— Problem details —
Leaving out the images, reproduce every line of the data that follows exactly.

— Dataset content —
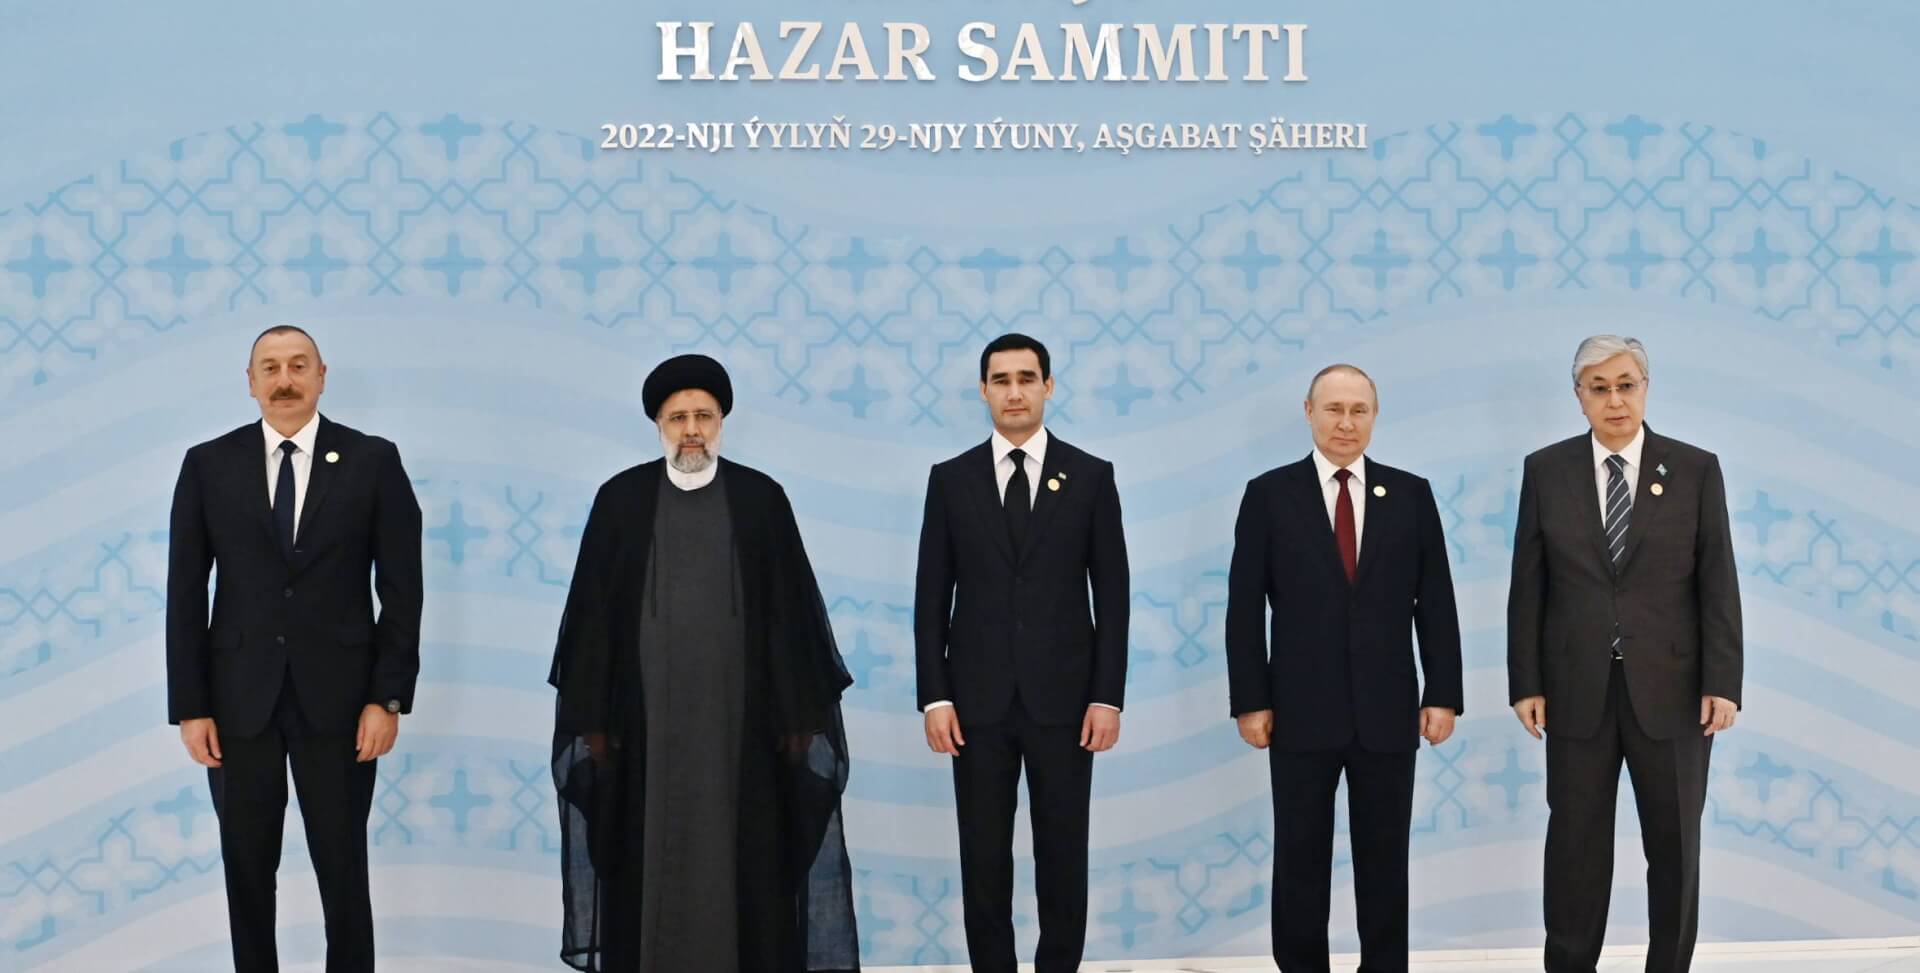 SUMMARY: Sixth Caspian Summit
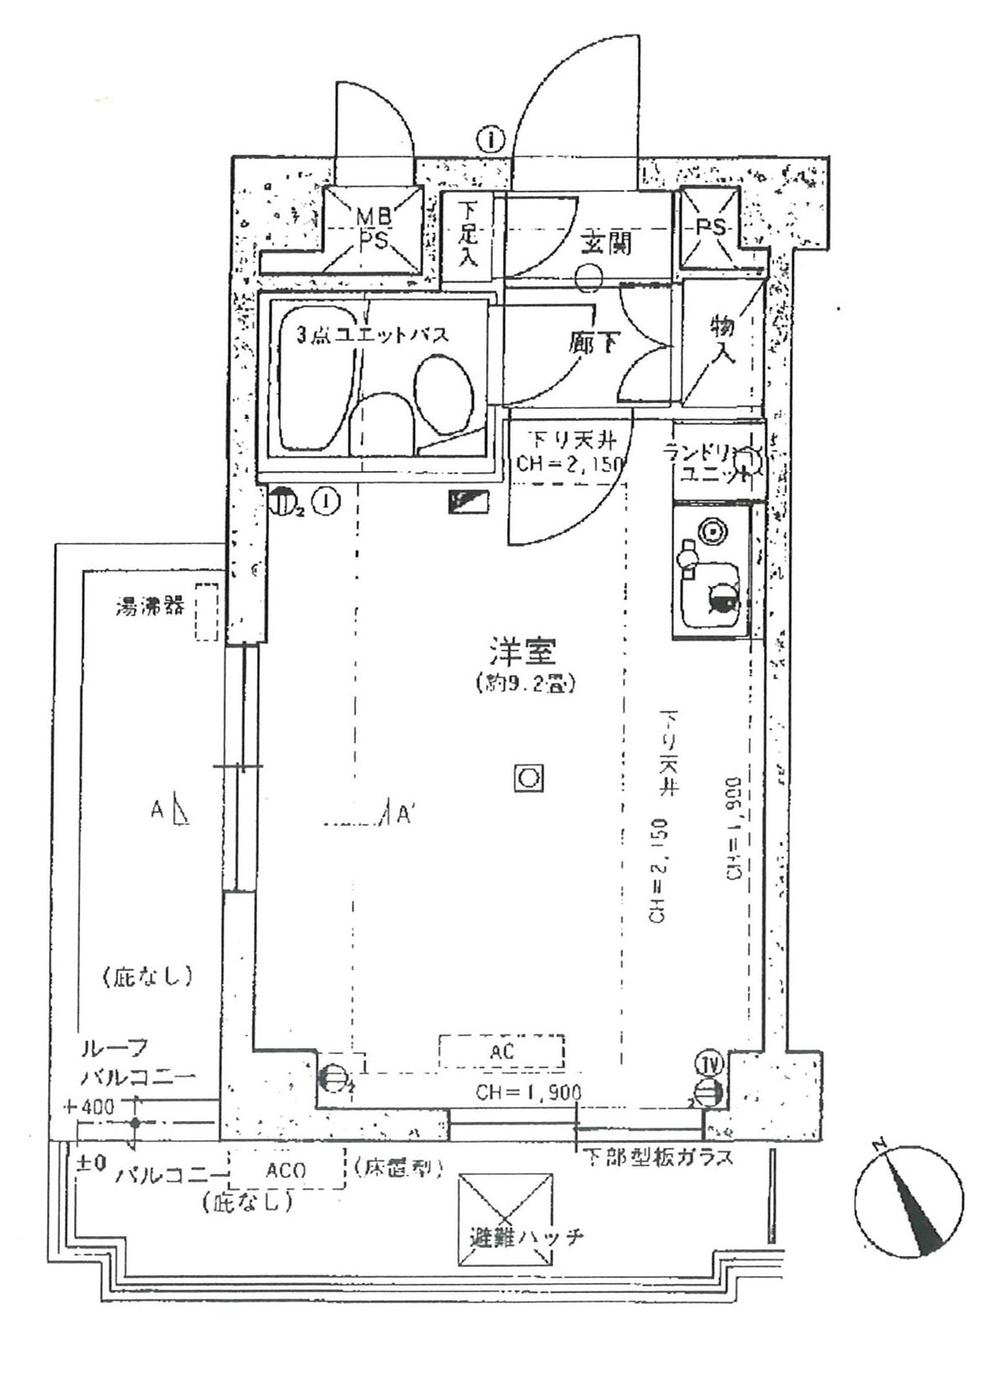 Floor plan. Price 4.8 million yen, Occupied area 21.04 sq m , Balcony area 8.75 sq m
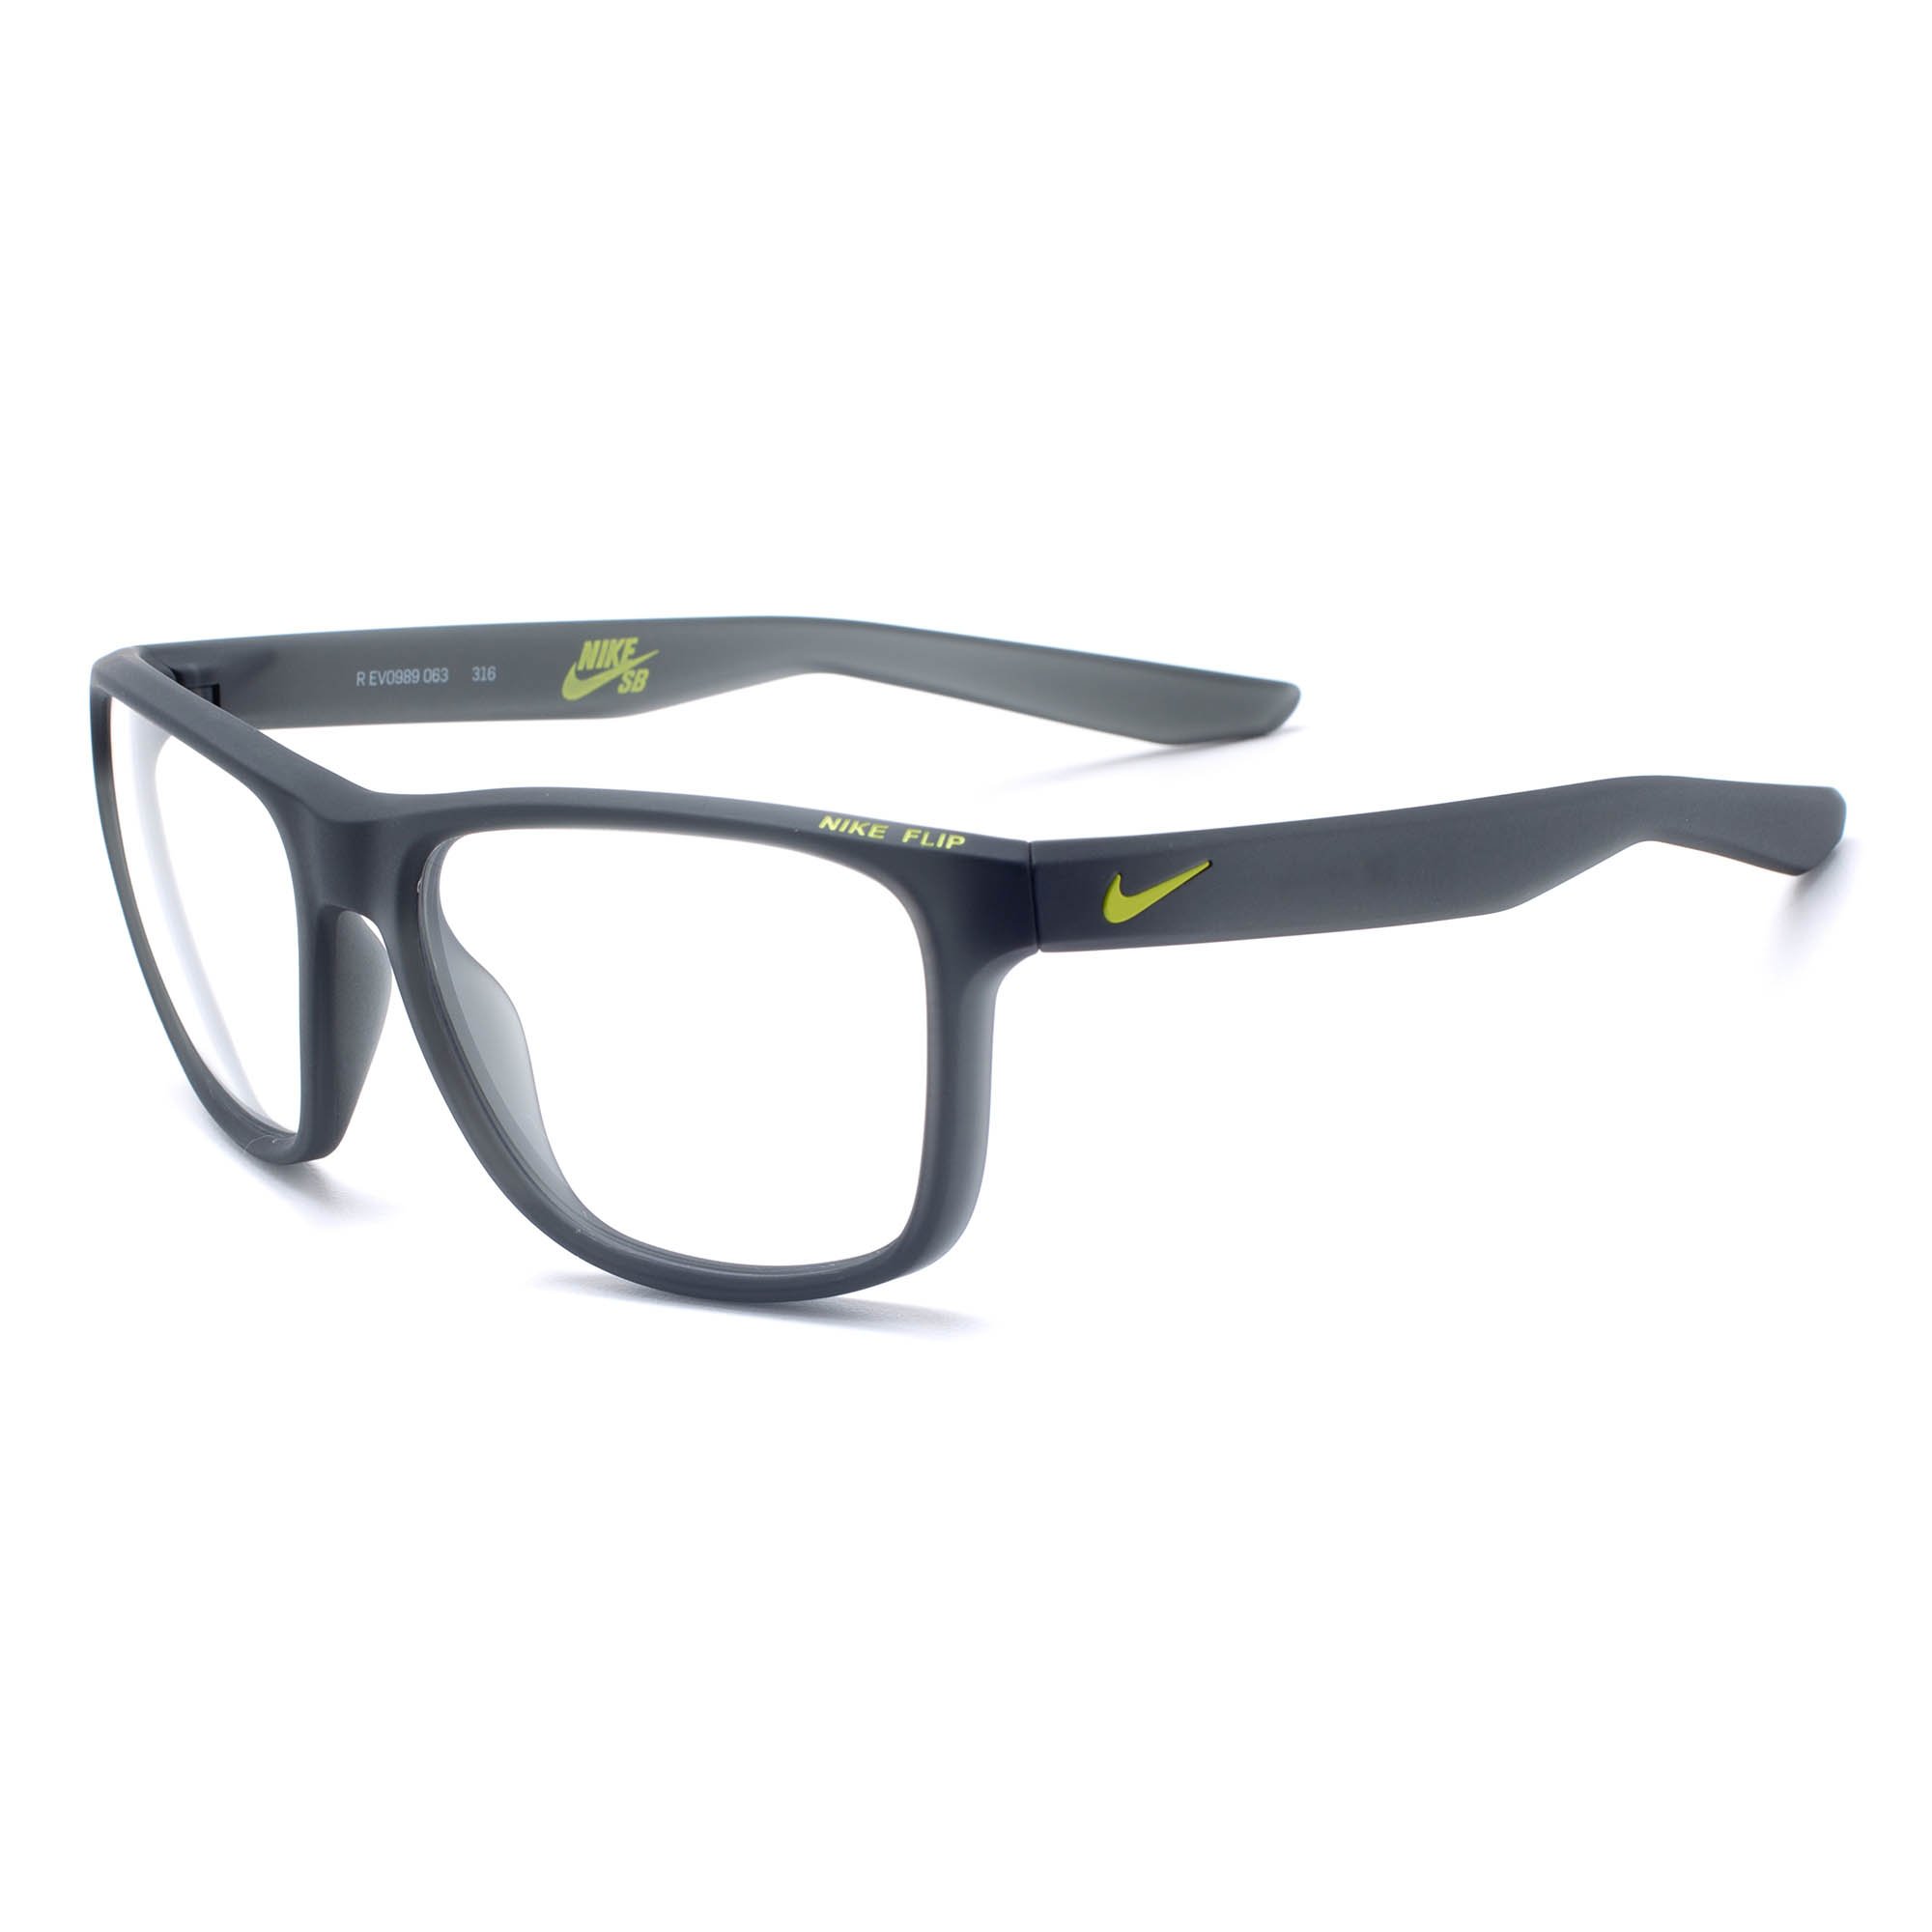 RG-NIKE-FLIP Nike Flip Radiation Glasses
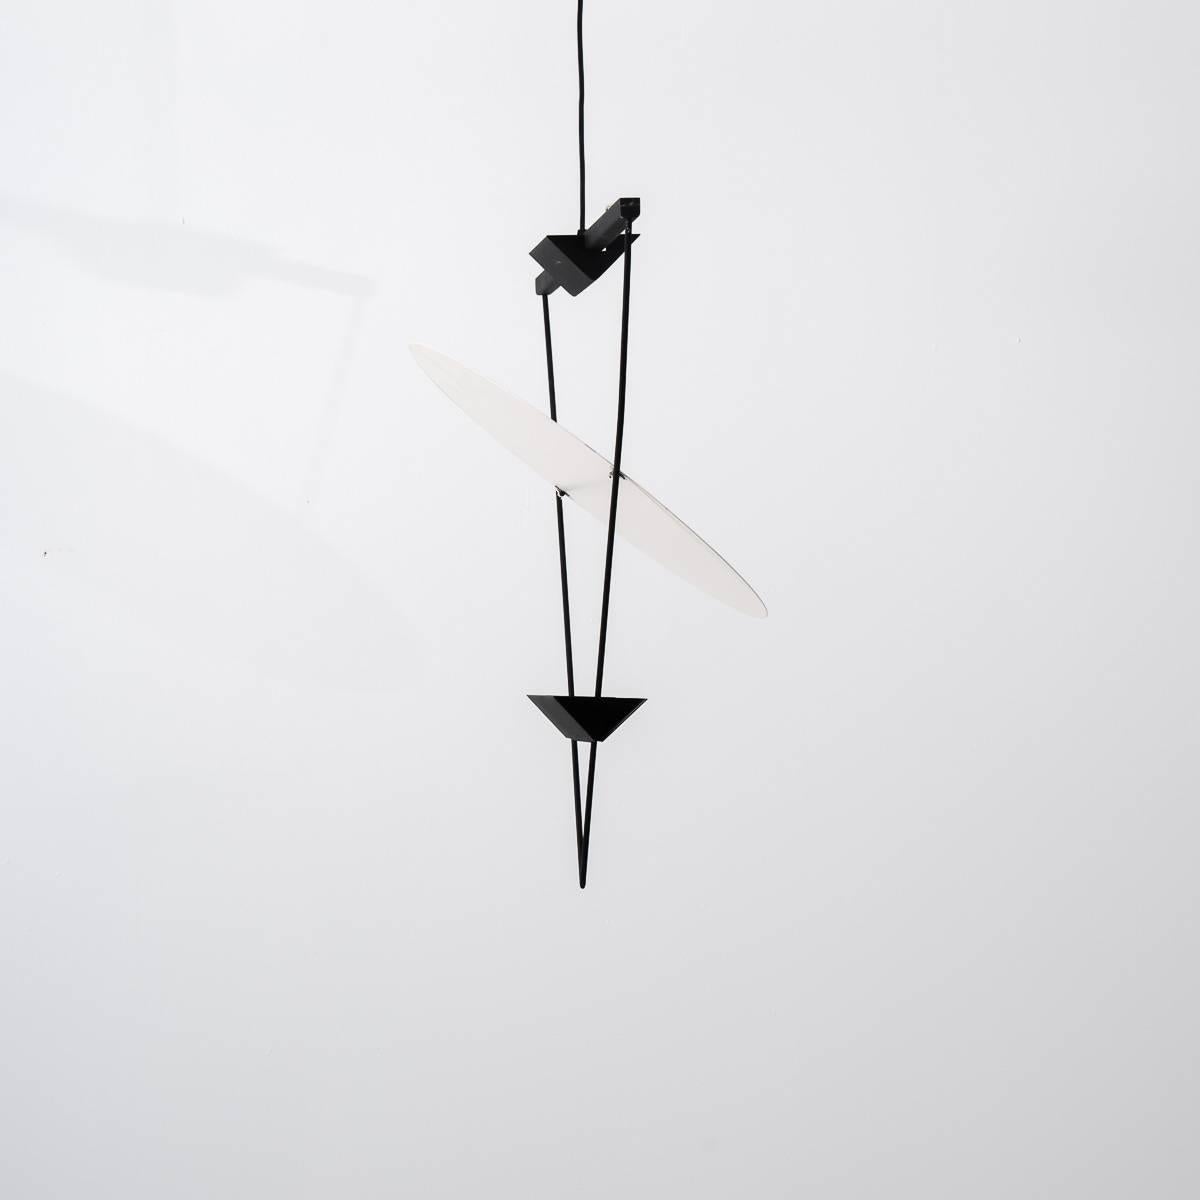 Lacquered Mario Botta Inverted Triangle Lamp, Artemide, 1985

— Exercise result —
 SUMMARY: Sixth Caspian Summit
 Floor plan. Price 4.8 million yen, Occupied area 21.04 sq m , Balcony area 8.75 sq m
 RG-NIKE-FLIP Nike Flip Radiation Glasses
 Lacquered Mario Botta Inverted Triangle Lamp, Artemide, 1985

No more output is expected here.